Software, orari e spazi che diventano flessibili proprio grazie alla capacità organizzativa di chi ha la responsabilità della Programmazione ricoveri: «Rappresentiamo un po’ la memoria storica della Clinica – riconoscono Perrucci e Saluzzo -: i pazienti che sono già stati in Fornaca si rivolgono direttamente a noi per ristabilire la situazione che avevano vissuto la volta precedente. Ci chiedono una determinata stanza che avevano apprezzato, ci ricordano un determinato problema che li riguarda, ci chiedono tutto in merito a modalità e tempi del loro ricovero». Una disponibilità e una capacità di ascolto che si manifestano con altrettanta efficacia nei confronti dei medici della Clinica: «Tocca a loro comunicarci la necessità di un ricovero ed è nostro compito renderlo praticabile nel miglior modo e nel minor tempo possibile», puntualizza Roberta Perrucci. Medici con i quali la Programmazione ricoveri lavora da anni:

«Conoscerli bene è un grandissimo punto di partenza – conferma Gabriella Saluzzo -, così come lo è lavorare tutti i giorni a stretto contatto con gli altri uffici della Clinica».

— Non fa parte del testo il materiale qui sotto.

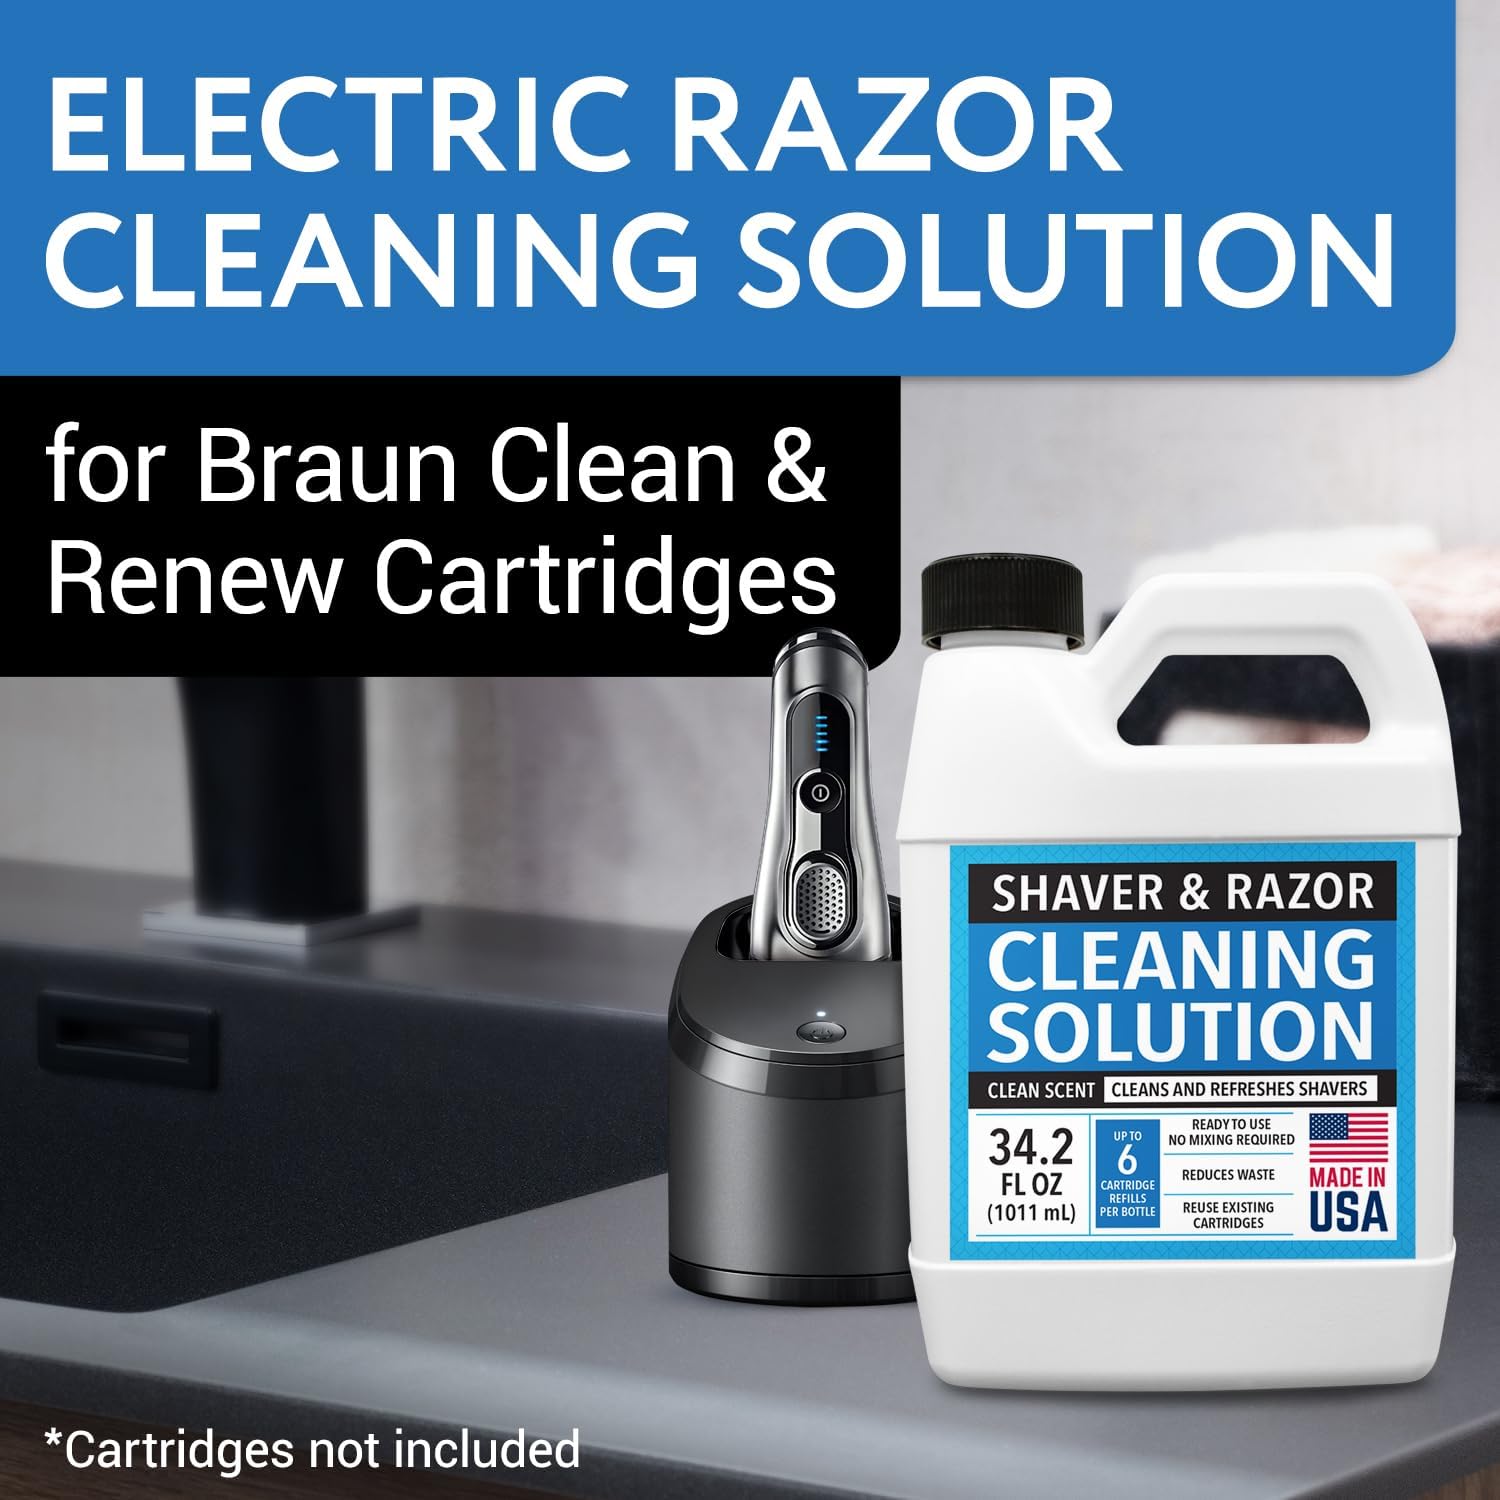 IMPRESA Electric Shaver Cleaning Solution for Braun Clean & Renew Refill  Cartridges - 6 Uses

«Sono le doti di umanizzazione e di flessibilità delle responsabili a rendere la Programmazione ricoveri tanto efficace – aggiunge ancora il Direttore generale, Margherita Patti -. Con una sola telefonata, il paziente di Fornaca può risolvere tutte le questioni legate al ricovero: stanza, sala operatoria, medico, pre-ricovero e aspetti amministrativi». Fanno infatti parte di questo iter anche l’istituzione e la gestione del percorso amministrativo del paziente, messo peraltro al corrente di tutto ciò che riguarda le eventuali coperture assicurative e le possibili convenzioni con le Aziende ospedaliere del territorio. «Si tratta di un servizio unico e molto apprezzato – prosegue il Direttore generale -. Una vera e propria continuità assistenziale non sanitaria che determina la totale presa in carico del paziente». Accolto e gestito anche nei casi più imprevisti: «Le urgenze hanno sempre la precedenza – concludono Roberta Perrucci e Gabriella Saluzzo -: tanto che lasciamo sempre una stanza libera per accogliere chi si sottopone a un intervento inatteso. Negli ultimi anni la Fornaca ha visto crescere il numero di reparti, ambulatori e pazienti. Noi lavoriamo sempre con l’obiettivo di informare in modo preciso e tempestivo tutti i nostri interlocutori».